For a Spanish Grandee of the late middle ages, a grandiose hat was the thing!

Now that's a "Grandee-ose" Hat!

A Grandee in early Spain, Brewer notes, "was a nobleman of the highest rank, who had the privilege of remaining covered in the king's presence." By "remaining covered" Brewer mean they could wear their grandiose hats in the presence of the king.  
The title appears first to have been assumed during the late Middle Ages by certain of the ricos hombres, or powerful magnates of the realm, who had by then acquired vast influence and considerable privileges, including one—that of wearing a hat in the king’s presence—which later became characteristic of the dignity of grandee. The Encyclopaedia Britannica [EB]
Eventually, specific protocols about these proto-symbolic hats were set in place:  
[B]y the early 17th century the grandees of Spain had been divided into three classes: those who spoke to the king and received his reply with their heads covered; those who addressed him uncovered but put on their hats to hear his answer; and those who awaited the permission of the king before covering themselves.EB

Grandees were allowed another privilege, to be "addressed by the king as 'my cousin” (mi primo), whereas ordinary nobles were only qualified as “my kinsman” (mi pariente).EB

Jump to present time in the United States and we learn that Republican grandees of  the House of Representatives who met in February in Baltimore to discuss health care reform with President Barack Obama found themselves addressed by their leader not with the distant "my kinsman" formality of  "Congressman" but with the "my cousin" first-name familiarity of John, Eric, and Mike.  
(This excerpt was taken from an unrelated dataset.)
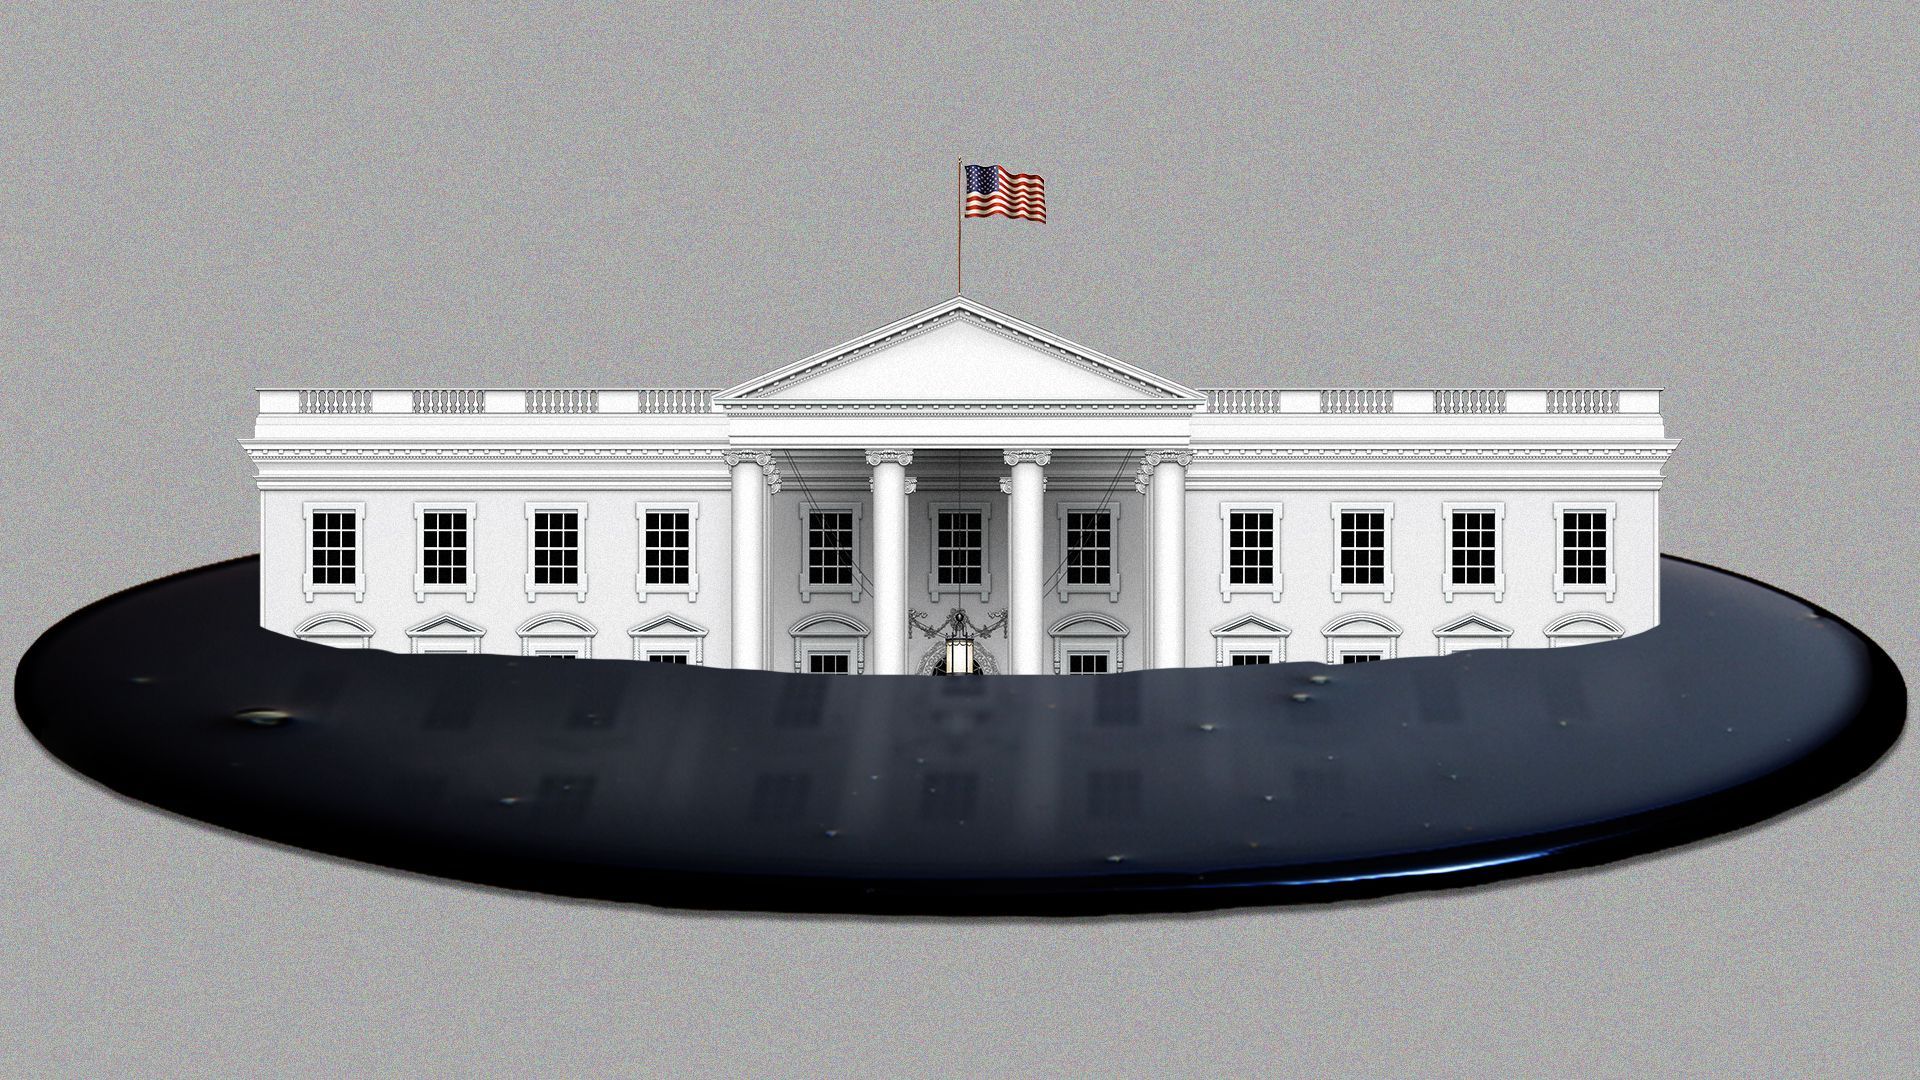 Illustration of the White House sinking into a puddle of oil.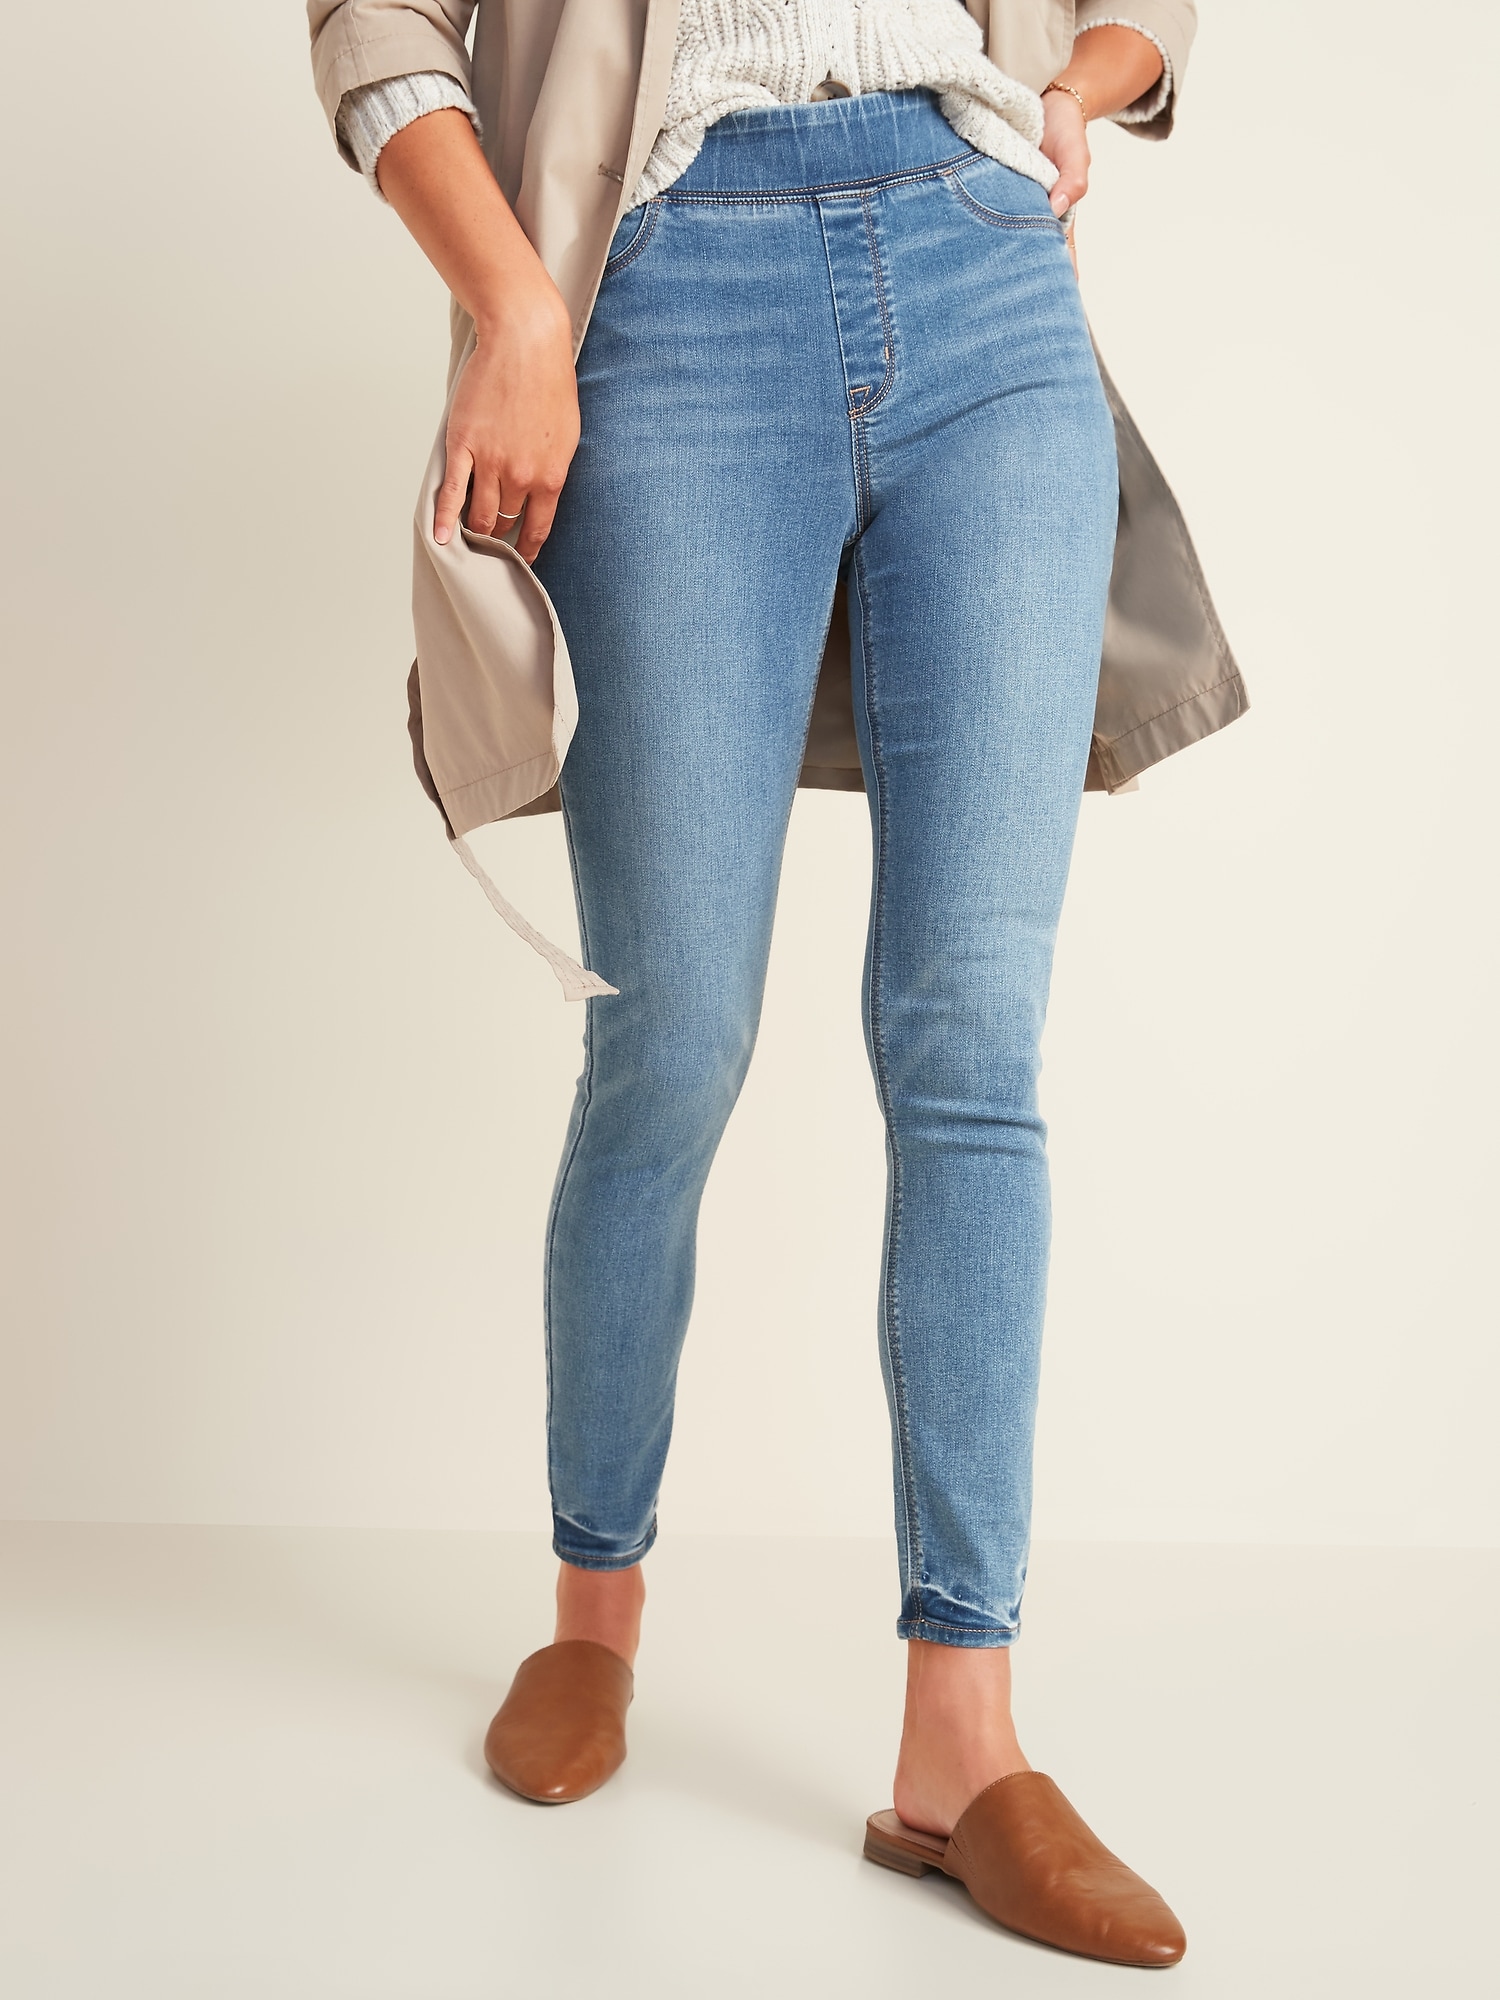 pull on jeans old navy

Use of the informal direct address did not help warm these Republican grandees  into accepting the President's ideas.  Their "No we won't!" minds had been locked in cold storage long before the conference.

Charles Dharapak/Associated Press
G.O.P. Grandees, 2010
From left, John Boehner, House minority leader, Eric Cantor, House minority leader, and Representative Mike Pence listened to President Obama speak at a Republican retreat in Baltimore, February 2010.